Confirming our preliminary Southern analysis (Figure S1), genome-wide sequencing revealed that both NfxR clones had lost a single copy of NTR while FxR clones maintained both copies. However, a large section of chromosome 7 downstream of NTR appeared to have been deleted from single alleles of both the NfxR and FxR cell lines. This includes a divergent strand-switch region, i.e. a probable transcription start site for RNA polymerase II,²¹ between Tb927.7.7480 (a putative trans-sialidase) and Tb927.7.7490 (a conserved hypothetical protein).
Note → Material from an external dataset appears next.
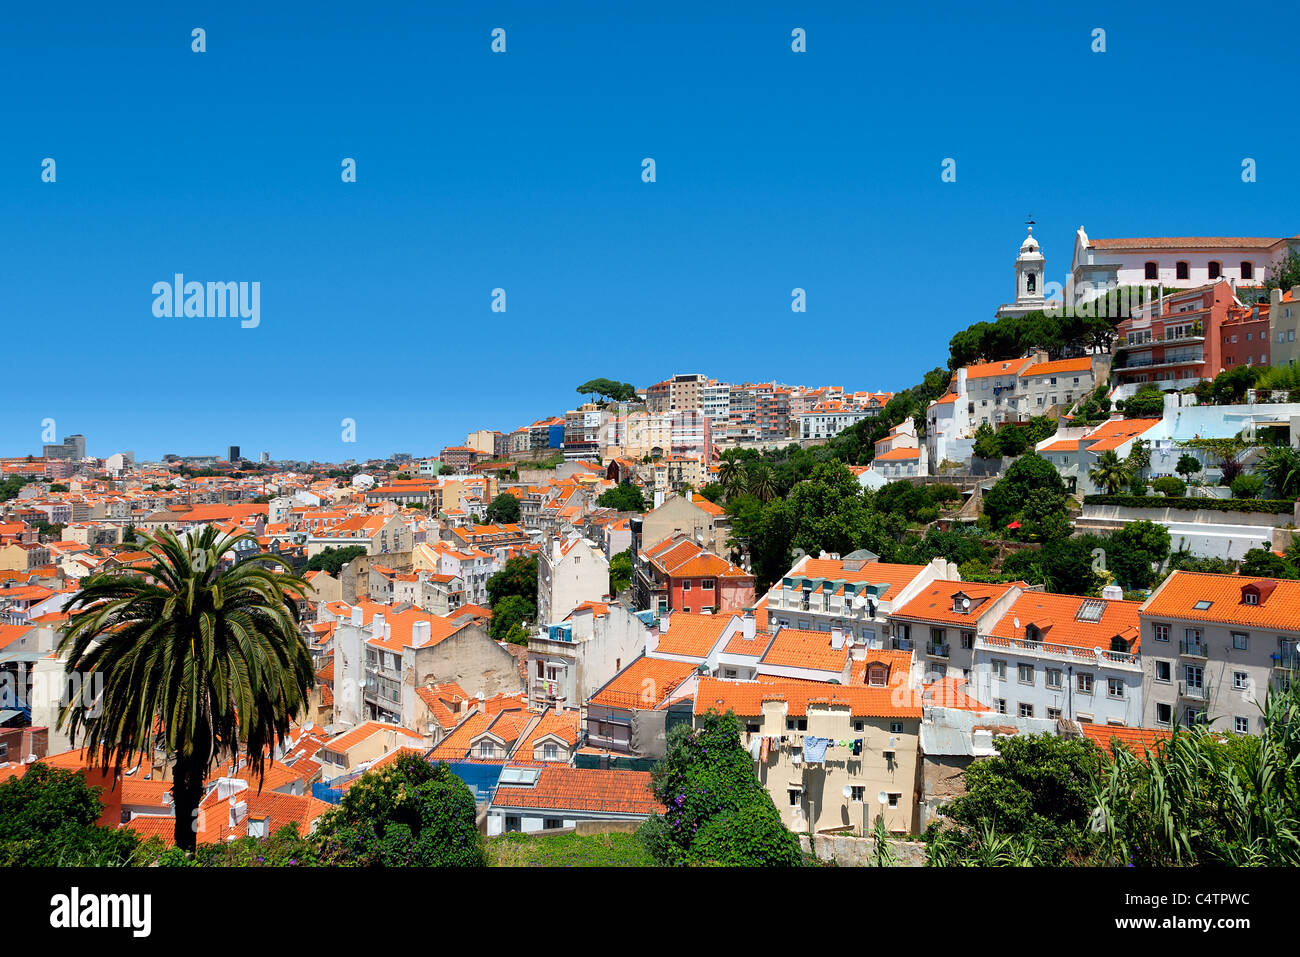 Portugal, Lisboa, la iglesia y el Miradouro de Graça visto desde la calle Costa do Castelo Foto de stock
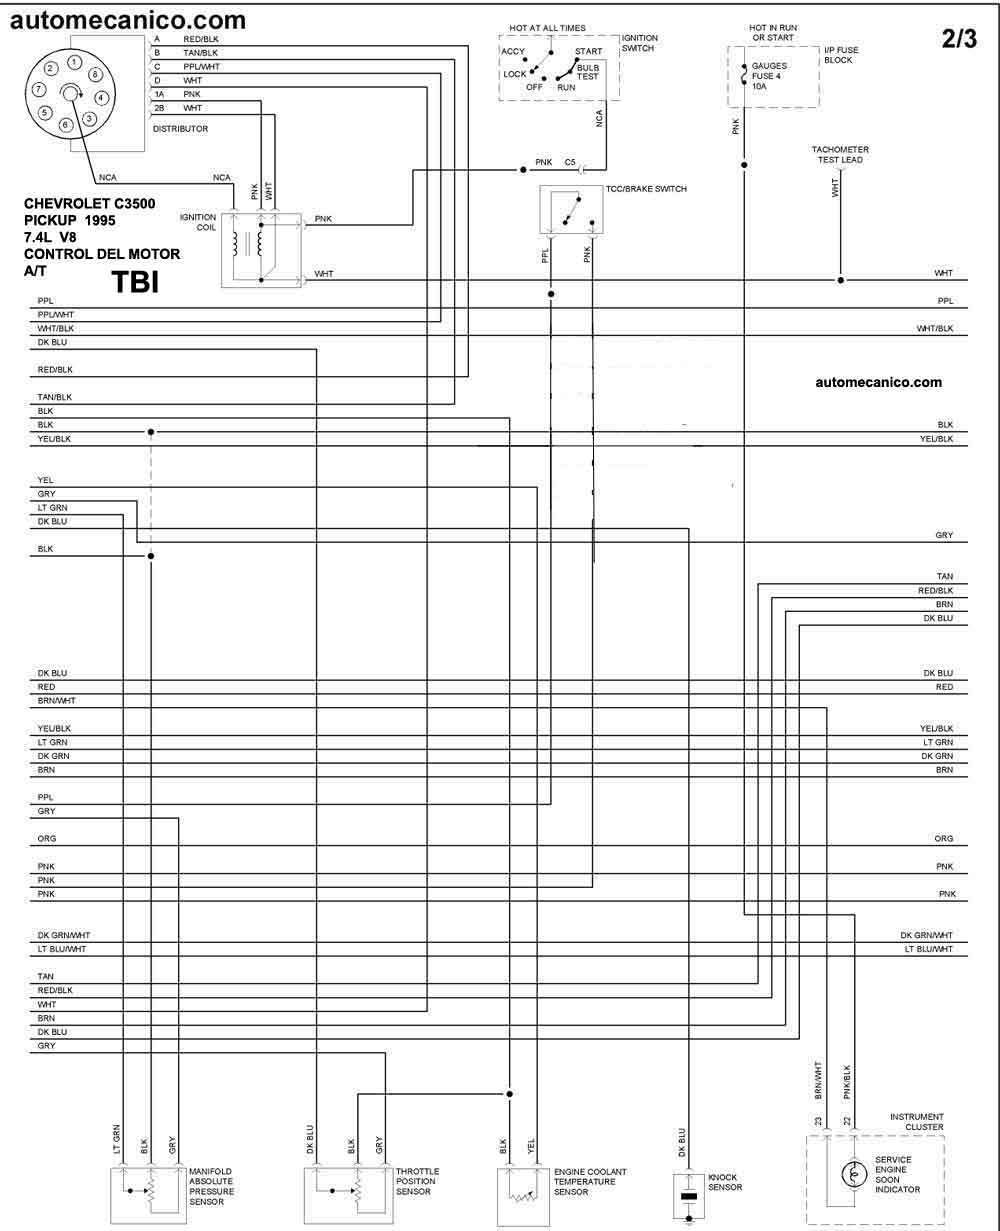 CHEVROLET - Diagramas control del motor 1995 - Graphics - Esquemas |  Vehiculos - Motores - Componentes | Mecanica automotriz

The impact of this deletion on the transcript levels of NTR was determined by qRT-PCR. Relative levels of NTR cDNA in WT, NfxR1 and FxR1 cell lines were normalized using the reference housekeeping gene telomerase reverse transcriptase (TERT). NTR transcript levels in NfxR1 and FxR1 clones were reduced to 0.42 ± 0.06 and 0.6 ± 0.07 of the levels seen in the WT parasites, respectively. The ∼50% reduction in the levels of NTR mRNA is consistent with the loss of a single allele of NTR from NfxR cells, already demonstrated by genome sequencing. Further, it suggests that the loss of genetic material downstream of NTR leaves FxR cells unable to transcribe one allele of NTR and that these cells are functionally hemizygous for NTR despite maintaining both allelic copies of this gene.